Nous arrivons à une partie très intéressante de votre ouvrage : la culpabilité. Elle semble être au centre du principe de dette, pourquoi ? Oui, il y a un pouvoir moral de la dette. Le livre débute avec cette avocate d'une organisation humanitaire, que j'ai rencontrée dans une soirée dans les années 2000. Nous avions parlé des mouvements de justice globale et d'annulation de la dette du tiers-monde. Je lui parlais notamment des pays qui avaient été conquis, colonisés, puis mis en demeure de rembourser une dette aux colons, avec des effets encore présents, comme des nouveaux-nés qui meurent prématurément, etc.

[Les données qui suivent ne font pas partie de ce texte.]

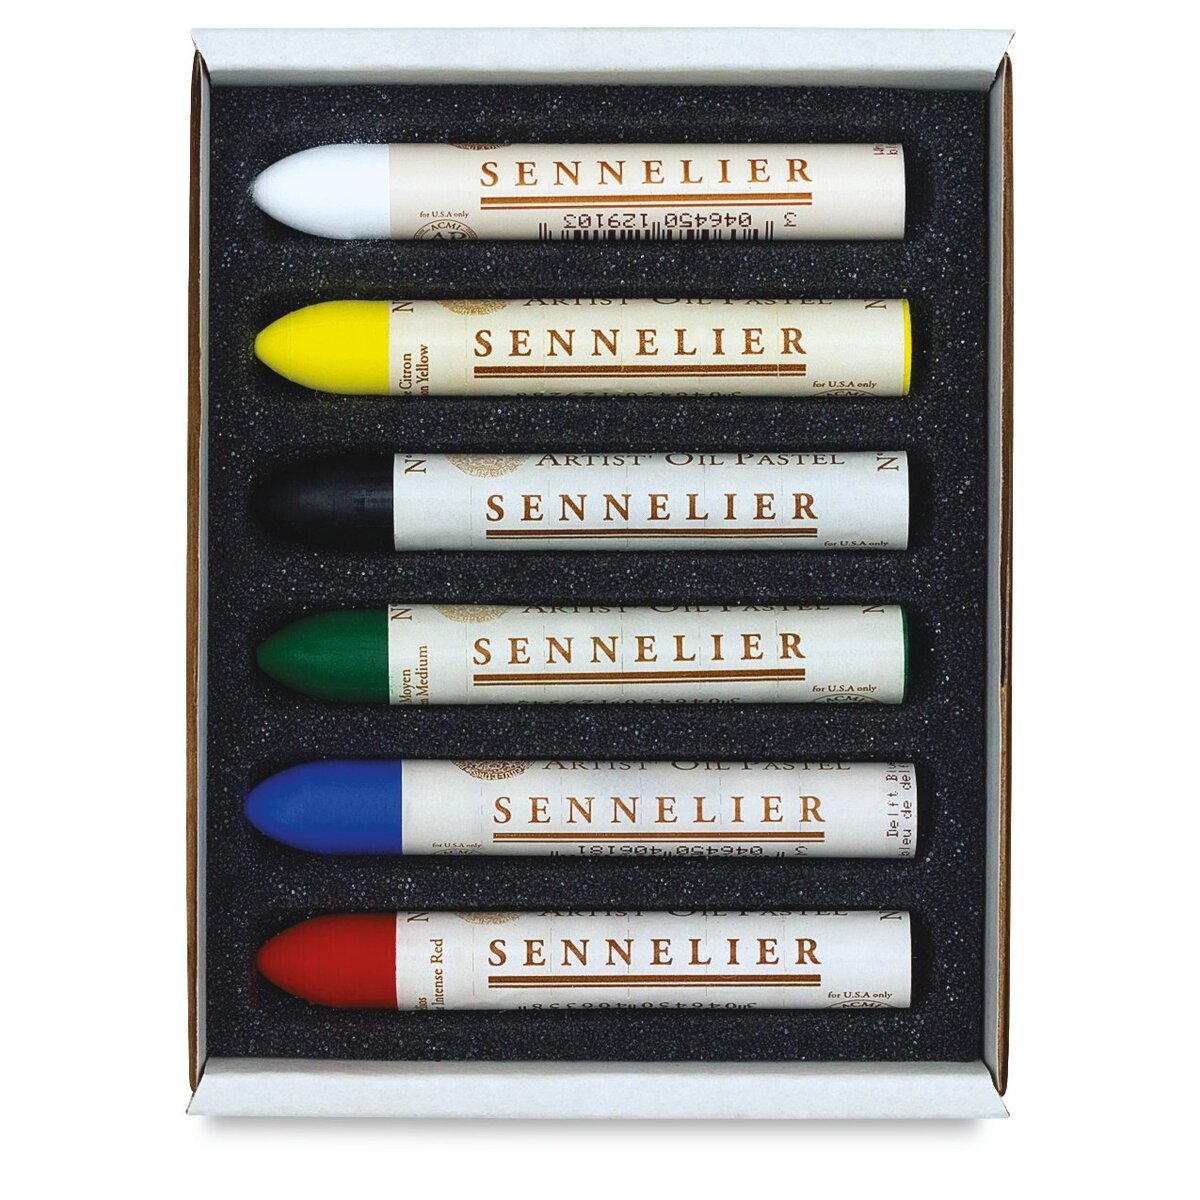 Sennelier Oil Pastel Sets at New River Art & Fiber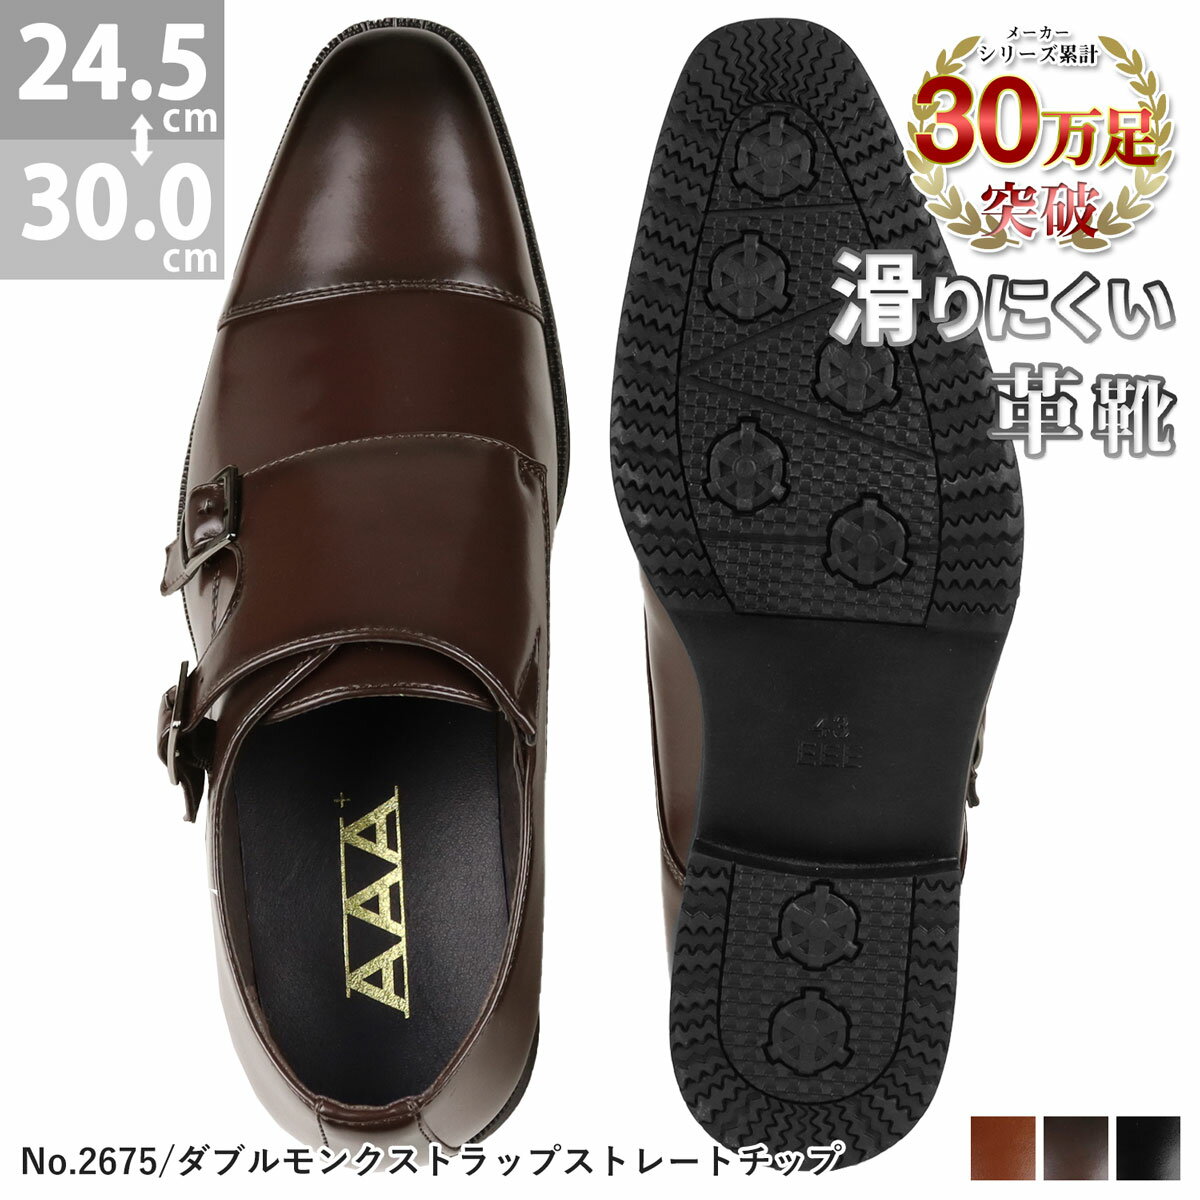 ビジネスシューズ メンズ 大きいサイズ 幅広 3E モンク 革靴 ダブルモンクストラップ ストレートチップ 歩きやすい 防滑 雨 履きやすい ロングノーズ ブラック ブラウン No.2675 24.5-30cm 黒 茶 AAA+ サンエープラス

Choquée que je puisse militer pour annuler ces dettes, elle m'a dit : "Mais quand vous avez une dette, vous devez la rembourser !". Il y avait une certitude morale chez elle. Peut-on admettre que les résultats d'une action puisse tuer des centaines de milliers d'enfants ? Probablement pas. Reste que le remboursement d'une dette - rembourser de l'argent - semble un préalable à toute autre forme de morale. Et c'est visiblement parce que la culpabilité est au centre de la dette. On part du principe que quelqu'un qui emprunte est une mauvaise personne. Dans toute l'histoire, j'ai retrouvé deux principes immuables. D'un côté, payer ses dettes est moral, c'est le paradigme de la responsabilité, tandis que ne pas les payer est le comble de l'immoralité, c'est être coupable ; d'un autre côté, il est dit que l'argent, c'est le mal ! L'une des choses les plus insidieuses à propos de la dette, c'est que nous en sommes venus à redéfinir nos relations sociales autour des transactions commerciales, au point que nous voyons tout comme une forme d'échange. Alors que ce n'est pas vrai : la plupart de nos actions quotidiennes n'ont rien à voir avec un échange commercial. Mais si vous pensez que tous les rapports entre individus sont équivalents à des relations économiques, alors nous sommes tous coupables ! Le principe de dette est aussi lié à la guerre et à la domination. Les États-Unis sont le pays le plus endetté au monde, avec l'armée la plus puissante. Ils dominent le monde. Cela indique-t-il que nous ne pouvons pas échapper à ce phénomène de la dette ? Le langage de la dette varie en fonction de celui dont l'on parle. Pour les États-Unis, cette dette est plus proche de ce que l'on appelle un tribut. Regardez à qui les États-Unis doivent le plus d'argent : le Japon, la Corée, Taïwan : ce sont des pays qui sont tous sous la protection militaire des États-Unis…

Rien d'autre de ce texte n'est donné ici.